A Southwest Airlines flight had to make an emergency landing on Wednesday after a passenger window broke. The Boeing 737-700 was flying 26,000 feet above Lake Erie at a speed of 514 mph when it made a split-second change of route to land after the fault was discovered.

“The flight landed uneventfully in Cleveland,” a spokesperson for the airline told the New York Post. “The aircraft has been taken out of service for maintenance review, and our local Cleveland Employees are working diligently to accommodate the 76 customers on a new aircraft to Newark.”

Airplane windows take an incredible amount of force to break. Rob DeCosta, a mechanical engineer, explained on Quora in December 2012 that a window built to withstand the bare minimum force required by the Federal Aviation Administration can stand up to 4,900 pounds of force. A 1990 test from the administration found a window could take a normal force of 2,100 pounds. A professional boxer can only punch around 1,400 pounds, which is double that of the average person.

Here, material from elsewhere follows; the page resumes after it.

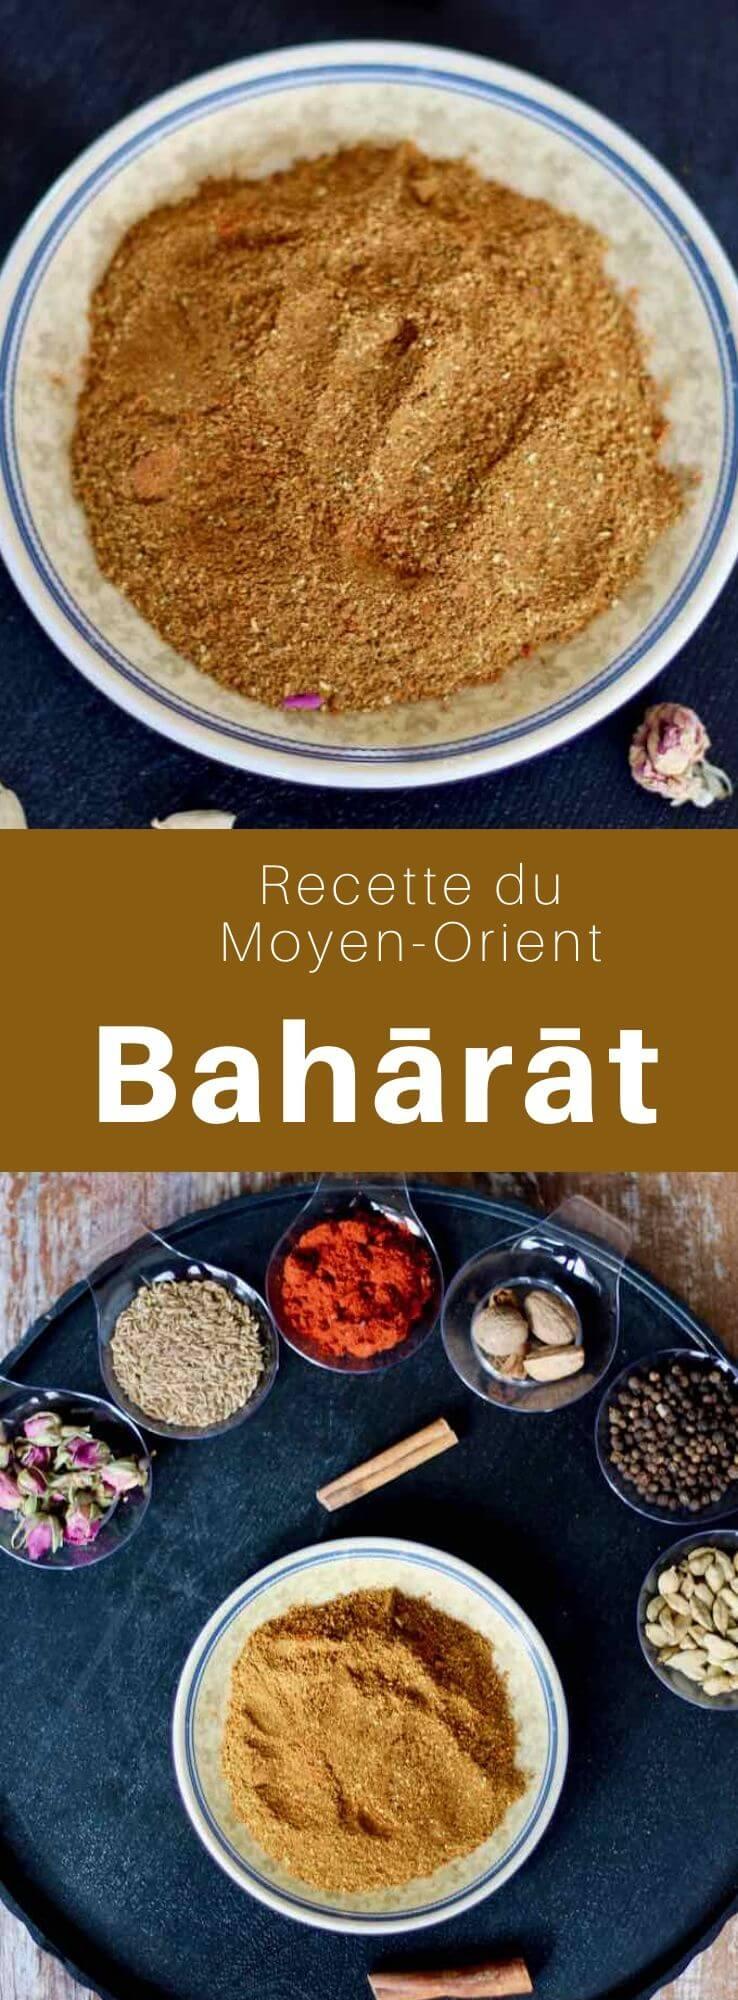 Le bahārāt est un mélange d'épices composé de poivre, cumin, coriandre, clou de girofle, cannelle, safran, cardamome, paprika, muscade et lime noire. #CuisineDuMoyenOrient #MoyenOrient #CuisineDuMonde #196flavors

In the case of Southwest Airlines flight 957 on Wednesday, the airline claims it was not technically an emergency, as only one pane of the window broke. After it left Chicago Midway Airport on its way to Newark Airport, it landed two hours later at 11 a.m. at Cleveland Hopkins International Airport. No passengers were injured.

Passengers shared clips from the incident on Twitter:

The incident comes just two weeks after a similar one with the same airline. Flight 1380 took off from LaGuardia Airport on April 17 but had to make an emergency landing 20 minutes after takeoff after debris from the engine broke a window. Jennifer Riordan, a 43-year-old passenger aboard the flight, was partially sucked out and subsequently died.